Каждый предмет получил сначала свое особое название, вне зависимости от родов и видов, которые эти первые учители не были в состоянии различать, и все индивидуумы представлялись их уму обособленными, какими и являются они на картине природы. Если один дуб назывался А, то другой дуб назывался Б, ибо первое наше представление, которое возникает при виде двух пред­метов, — это то, что они не одно и то же, и часто нужно немало времени, чтобы подметить, что у них есть общего; так что чем более ограниченными были знания, тем обширнее становился словарь. Затруднения, связанные со всею этою номенклатурою, нельзя было легко устранить, ибо, чтобы распо­ложить живые существа согласно общим и родовым обозначениям, нужно


38

было знать свойства и различия, нужны были наблюдения и определения, то есть требовались естественная история и метафизика...»1

Далее Руссо, с присущей ему смелостью, утверждает, что обезьяна, «пере­ходящая от одного ореха к другому», не воспринимает эти предметы как нечто единое (такая обезьяна, вопреки мнению философа, конечно, умерла бы с голоду). Именно у черты, отделяющей обезьяну от ребенка, — истоки специфики человека. Здесь начинается игра между собственными именами и нарицательными, между «этот» и «всякий». И именно потому, что понятие «этот и только он» — понятие новое, оно в первую очередь привлекает внимание неофита. Нет «я» без «другие». Но только в сознании человека «я» и «все другие, кроме меня», складываются в нечто единое и конфликтное одновременно.

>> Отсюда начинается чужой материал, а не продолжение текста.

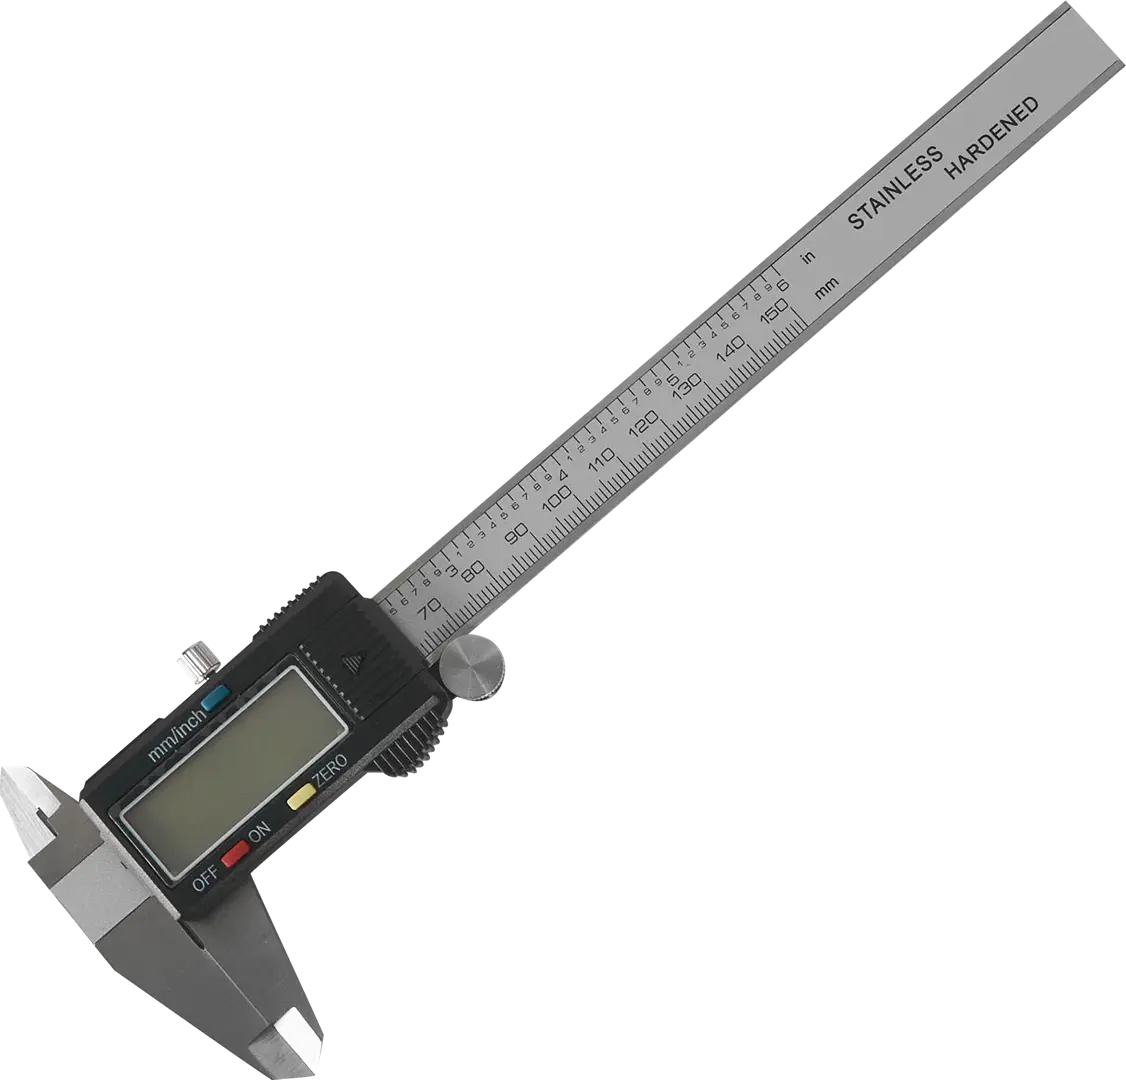 Штангенциркуль цифровой 150 мм, точность до 0,02 мм цифровой штангенциркуль bestseller измерительный инструмент электронный точность 0 1 мм

Один из исходных семиотических механизмов, присущих человеку, начи­нается с возможности быть «только собой», вещью (собственным именем) и одновременно выступать в качестве «представителя» группы, одного из многих (нарицательное имя). Эта возможность выступать в роли другого, заменять кого-то или что-то, означает «быть не тем, что ты есть».

Так, например, когда в драке между самцами павианов побежденный становится в позу сексуального подчинения, мы сталкиваемся с весьма ин­тересным примером исходной точки семиозиса. Вопреки возможным фрей­дистским истолкованиям, перед нами не случай торжества сексуальных уст­ремлений, а яркое проявление возможности освобождения от их власти в их же собственном царстве, превращения их в язык, то есть в нечто формальное, отделенное от собственного значения. Самец-павиан использует сексуальный жест самки как знак несексуальных отношений — свидетельство готовности быть подчиненным. Естественные, данные природой и заложенные генети­чески биологические позы повторяются как знаки, которым возможно при­писывать произвольное значение.

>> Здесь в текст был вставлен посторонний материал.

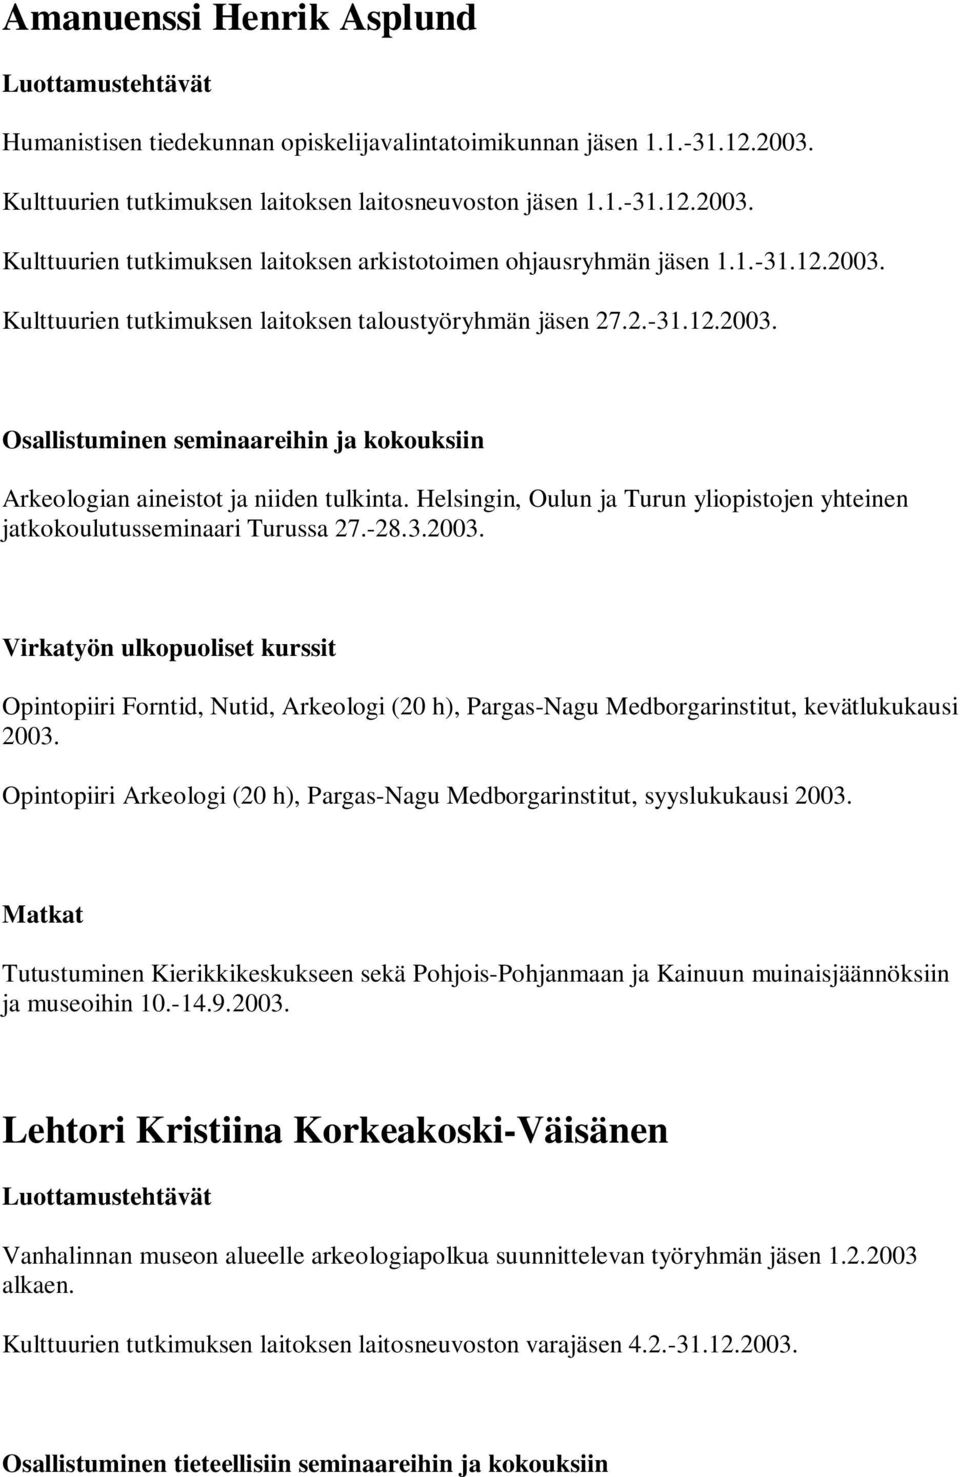 Helsingin, Oulun ja Turun yliopistojen yhteinen jatkokoulutusseminaari Turussa 27.-28.3.2003.

М. Булгаков описывает в «Театральном романе» следующий случай, вы­званный императивным запретом режиссера на изображение кровавых сцен. В результате действие, в котором автор изобразил ссору героев и гибель одного из них, подверглось трансформации: «...а на генеральной выстрелил в кулисе по-всамделишному. Ну, Настасье Ивановне и сделалось дурно — она ни разу в жизни не слыхала выстрела, а Людмила Сильвестровна закатила истерику. И с тех пор выстрелы прекратились. В пьесе сделали изменение, герой не стре­лял, а замахивался лейкой и кричал „убью тебя, негодяя!" и топал ногами, отчего, по мнению Ивана Васильевича, пьеса только выиграла»2.